Mort de Rémy Beauregard

La mort subite du président Rémy Beauregard, dans la nuit du 7 au 8 janvier, a levé le voile sur des querelles internes qui couvaient depuis un certain temps. Quelques heures plus tôt, deux membres du conseil d'administration avaient claqué la porte au terme d'une réunion particulièrement houleuse. Depuis, une quarantaine d'employés de Droits et Démocratie ont signé une lettre demandant la démission de trois membres du conseil.
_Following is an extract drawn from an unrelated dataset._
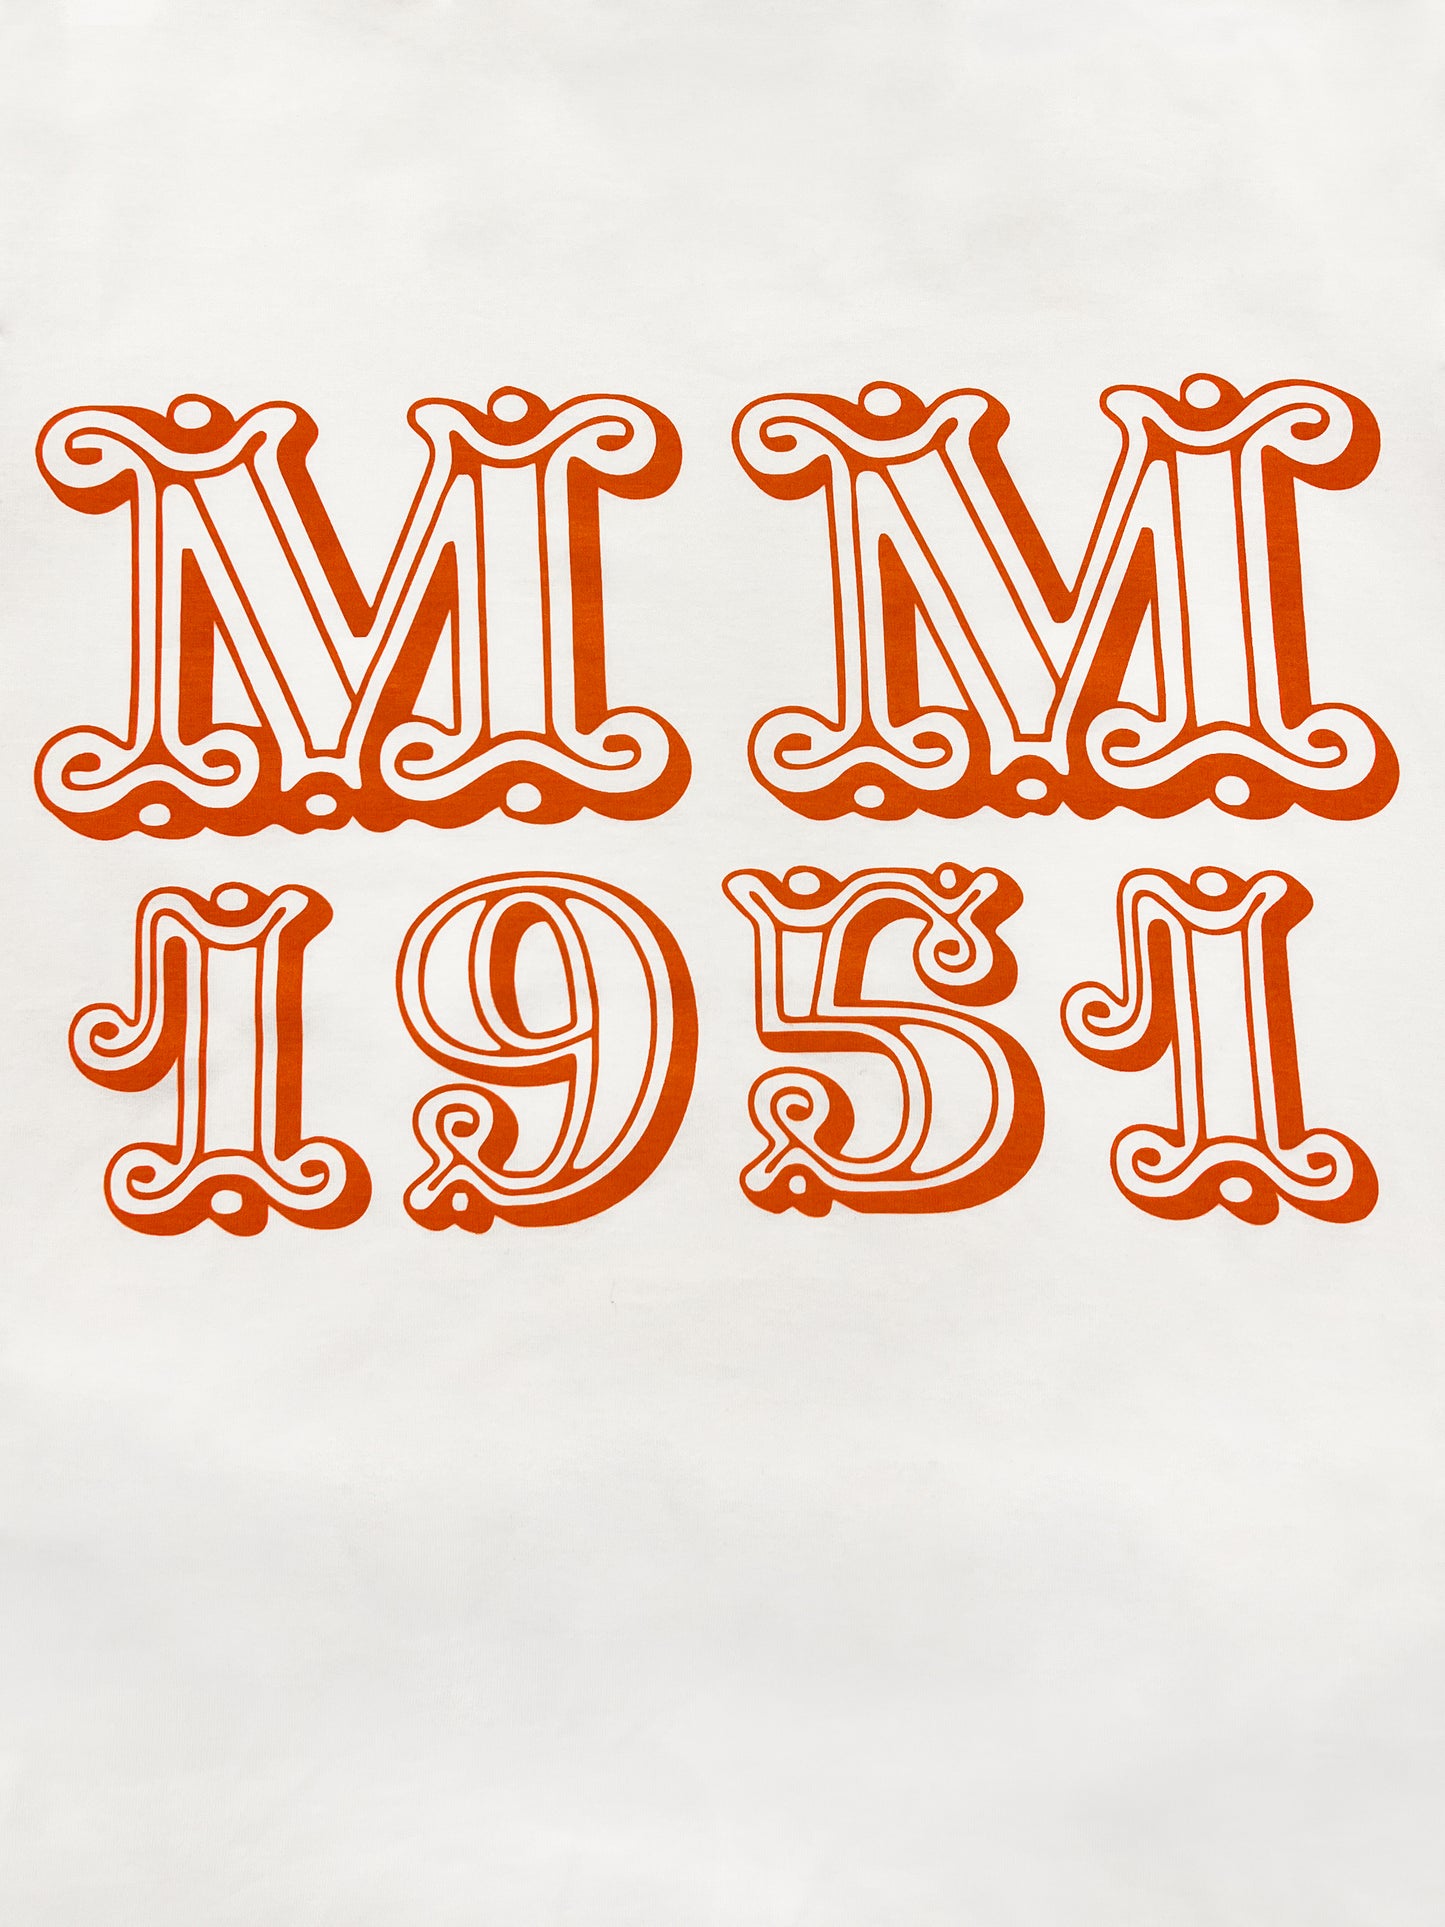 Max Mara T-Shirt Mincio Weiss/Orange

L'un d'eux, Jacques Gauthier, a été nommé président par intérim de l'organisme la semaine dernière. Le ministre des Affaires étrangères, Lawrence Cannon, a récemment demandé à son sous-ministre adjoint d'entreprendre une vérification interne.

« Ce n'est pas suffisant, tranche le député Dewar. Cet organisme est imputable au Parlement. Nous avons besoin d'un comité parlementaire muni d'une protection légale complète et des pouvoirs nécessaires pour contraindre des témoins à se présenter et obtenir des documents. »

Par ailleurs, une source bien informée a révélé à La Presse Canadienne que trois dirigeants, soit Marie-France Cloutier, Razmik Panossian et Charles Vallerand, ont été suspendus avec salaire par l'organisme en fin de journée vendredi. Ils ont du coup appris qu'ils font l'objet d'une enquête interne. Il y a dix jours, ces trois employés ont signé une lettre (Beauregard : un grand homme, LeDroit. 23 janvier 2010) défendant l'héritage de leur défunt président, qui « a su préserver l'intégrité, l'indépendance et le caractère non partisan de D & D ».